Prise rise doesn’t cheer coconut farmers

There is a demand for trained coconut pluckers, which is not adequately met with

April 29, 2014 01:48 pm | Updated May 21, 2016 01:48 pm IST - Kozhikode:

Sight of bunches of ready-to-harvest coconuts hanging from the palms should have gladdened coconut farmers in villages and people with coconut trees around their homes in the city now that the price for coconut is up after years of bad spell. But reverse is the case in reality.

Coconut growers are bothered about the acute shortage of pluckers both in the city and in the villages. The shortage of climbers was clubbed with the low price of the nut till recently. But things have suddenly changed with the coconut price hitting an all-time high in the market. There is a demand for trained coconut pluckers, which unfortunately is not adequately met with.
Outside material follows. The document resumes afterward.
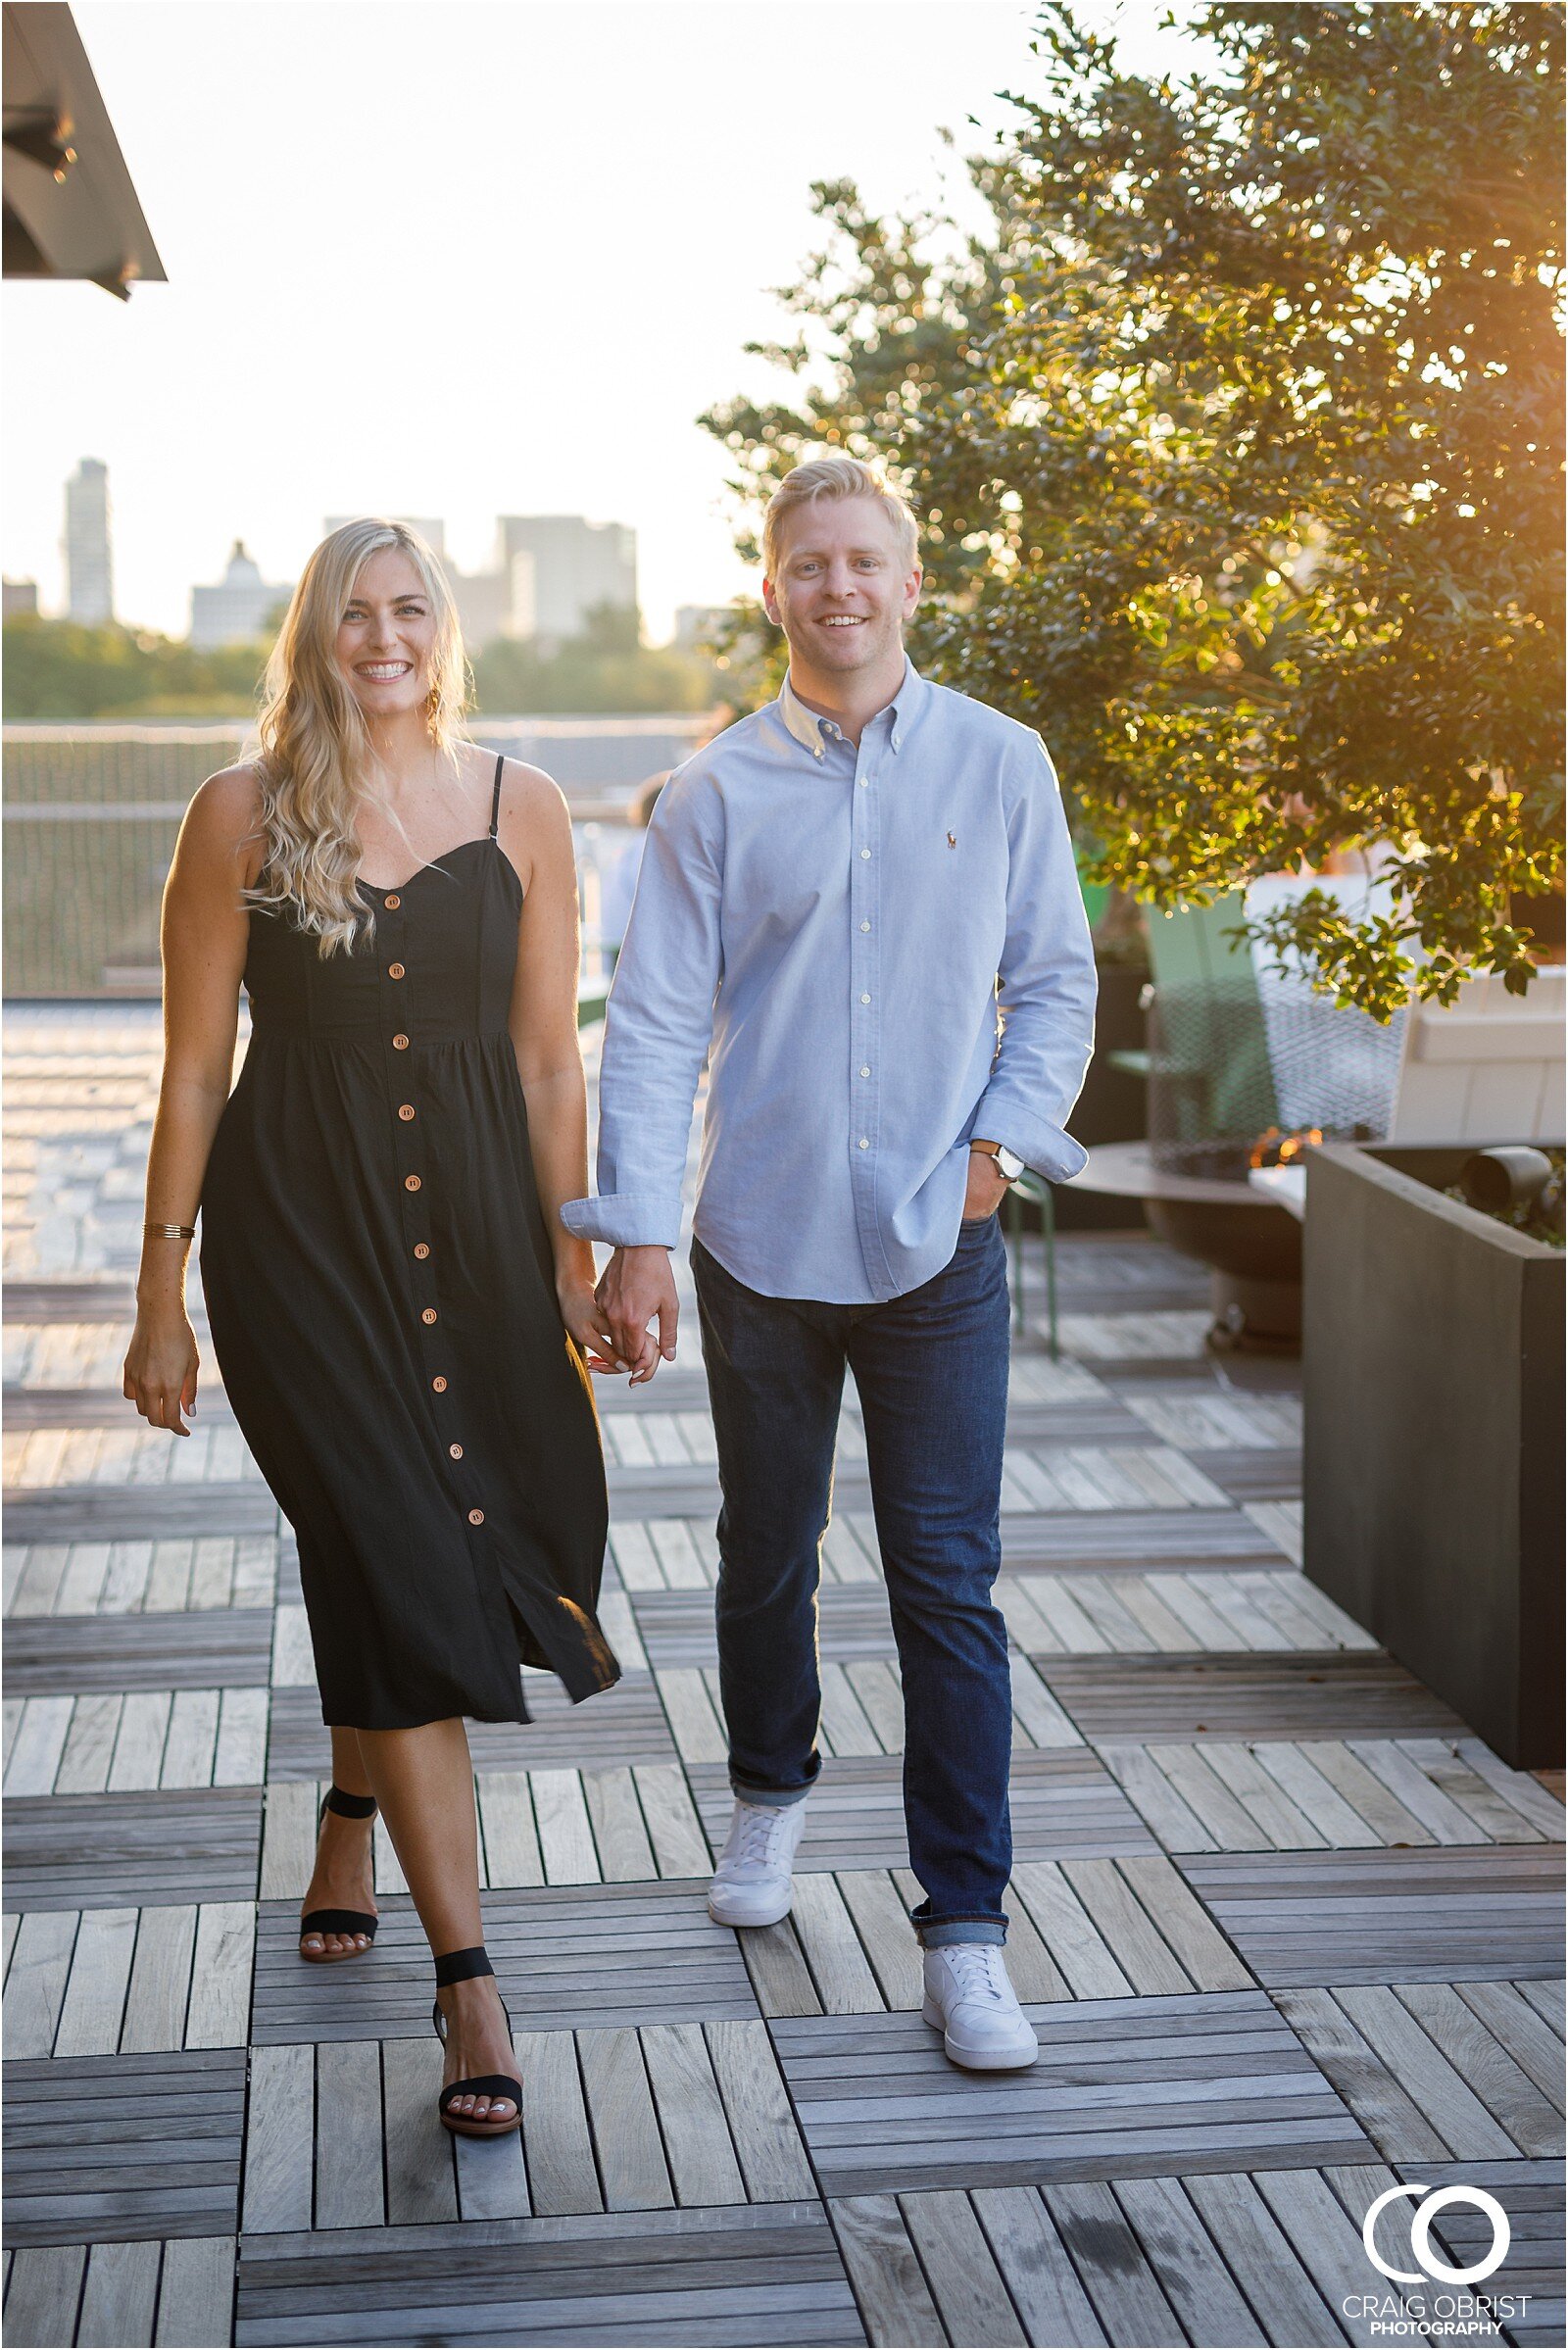 Cator Woolford Ponce city market rooftop sunset engagement portraits atlanta_0050.jpg

There are many like Ayishabi of Krishna Nagar Colony near Nallalam in the city, who has been trying to get a climber for the half a dozen of palms around her house for the last two months.
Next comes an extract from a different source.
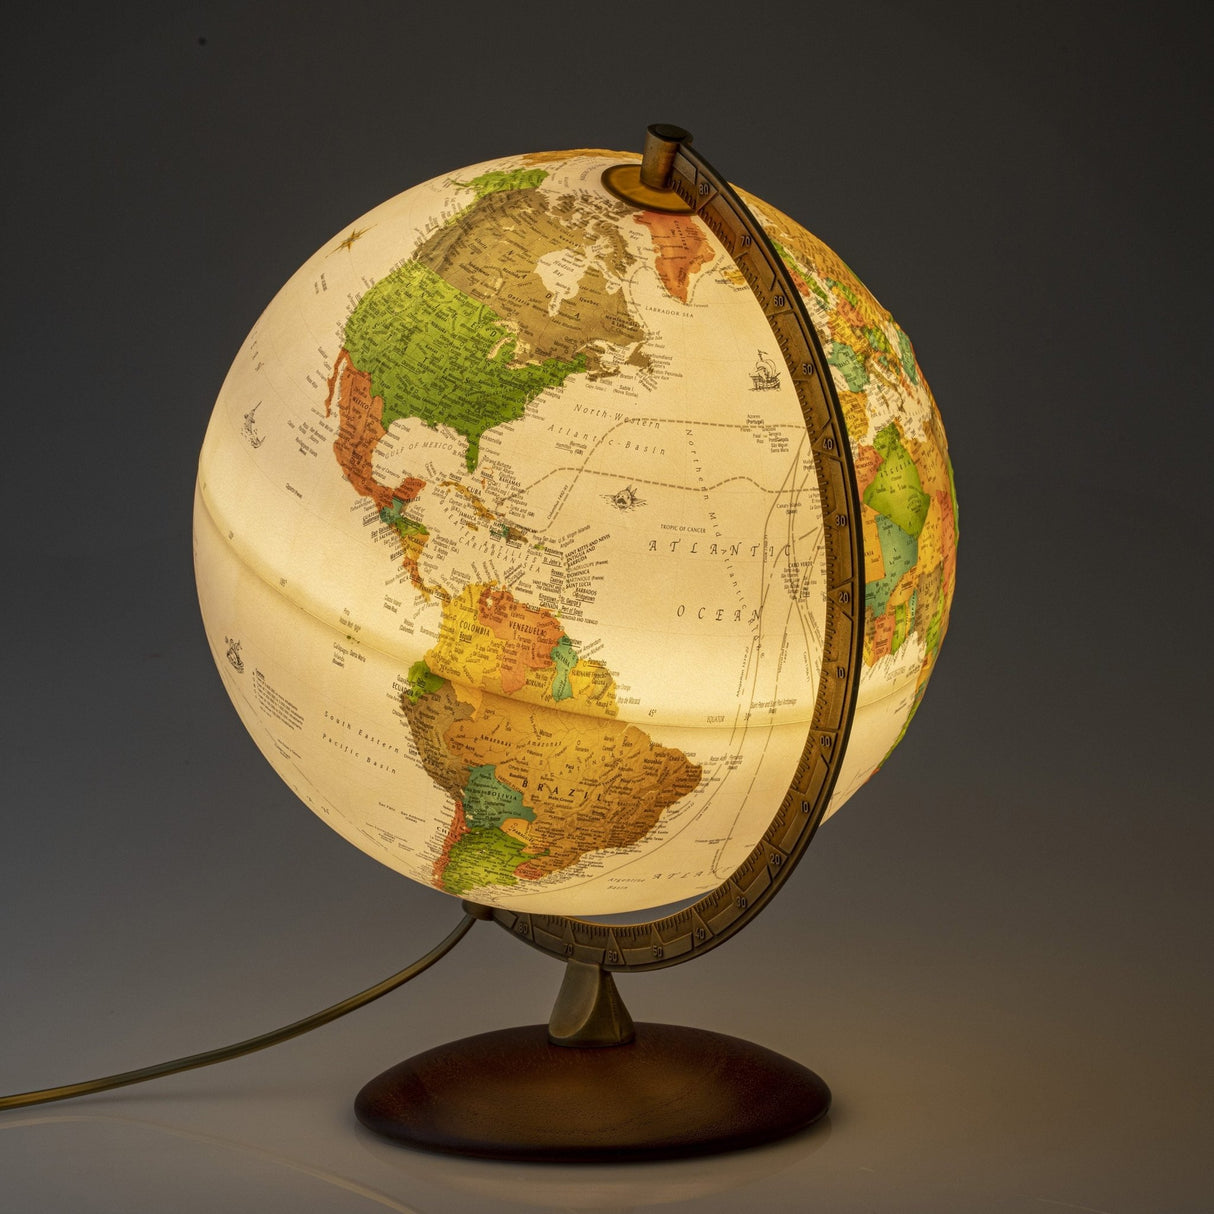 Athens Raised Relief Globe - WP21108 - Ultimate Globes

“We tried many times to get someone through different contacts, but without any luck,” says Ayishabi, who doesn’t allow her little grandchildren to step out to the yard these days for fear of coconut unexpectedly falling on their heads. The situation is not any different for Balan Nair, a coconut farmer from Poolakkode village near Chathamangalam in Kozhikode. It is already two months since the last harvest at his three-acre grove. Coconuts are falling every now and then from his 100-odd palms around his house. The blistering heat of the summer are felling coconuts more. When the price was low, he wouldn’t have bothered even if the plucker didn’t turn up for months.

Price to slump again?

“Now I am worried that the price, which is at the top now, will dip if the plucker is not showing up,” says Mr. Nair.
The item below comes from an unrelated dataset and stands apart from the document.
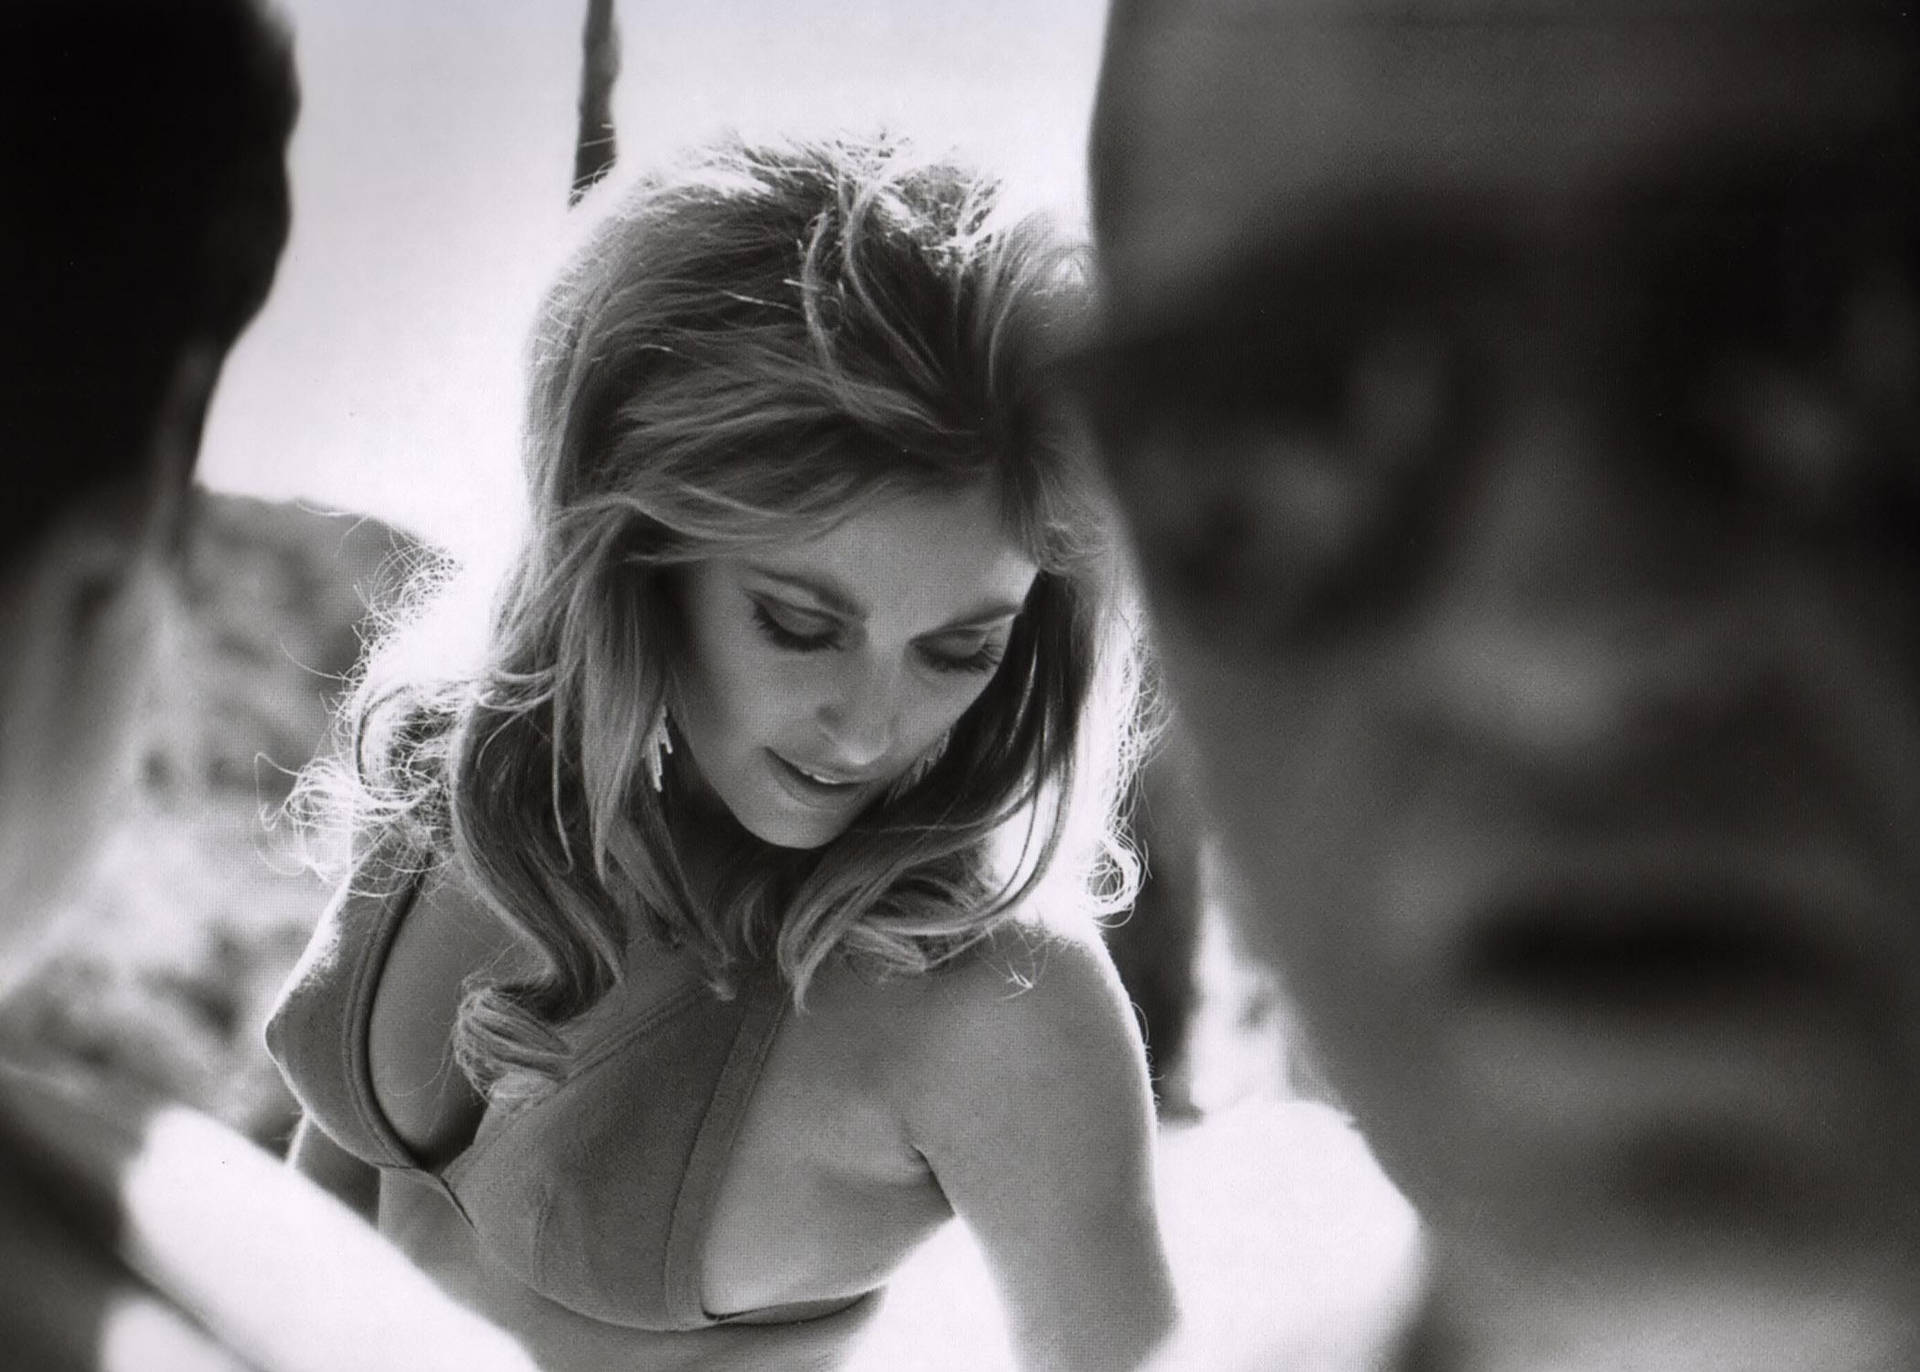 Sharon Tate - A Timeless Beauty From Hollywood's Golden Age

Traditional coconut pluckers, who are fast vanishing, are having a busy time as they are running from one plot to the other.

“There will be frequent calls to my mobile phone, so much so that I keep it switched off most of the time,” says Kakkulangara Satheeshan, a traditional coconut plucker from Athanikkal here. If copra was priced around Rs.4,450 per quintal in April last year, it has gone up to Rs.11,000 by April this year. Similarly the price of raw coconut per kilogram was around Rs.13 in April last year. It has gone up to Rs.36 this year.

The Coconut Development Board (CDB) had envisaged a project called ‘Friends of Coconut Tree,’ to find an answer for the shortage of trained pluckers. The board with the help of different agencies such as Krishi Vigyan Kendra (KVK) had given training to hundreds of youths including women in climbing the trees.

However, many of them did not pursue it as a career. “Some of them turned to other jobs while majority of the trained women called it a day after their marriage,” say sources from the KVK.

The district administration also has a similar project named ‘Swabhiman,’ a service-on-call initiative established in 2009, to provide skilled labourers for household needs including coconut plucking. District Coordinator of Swabhiman T. Unnikrishnan told The Hindu that there was a serious dearth of trained coconut pluckers with the agency.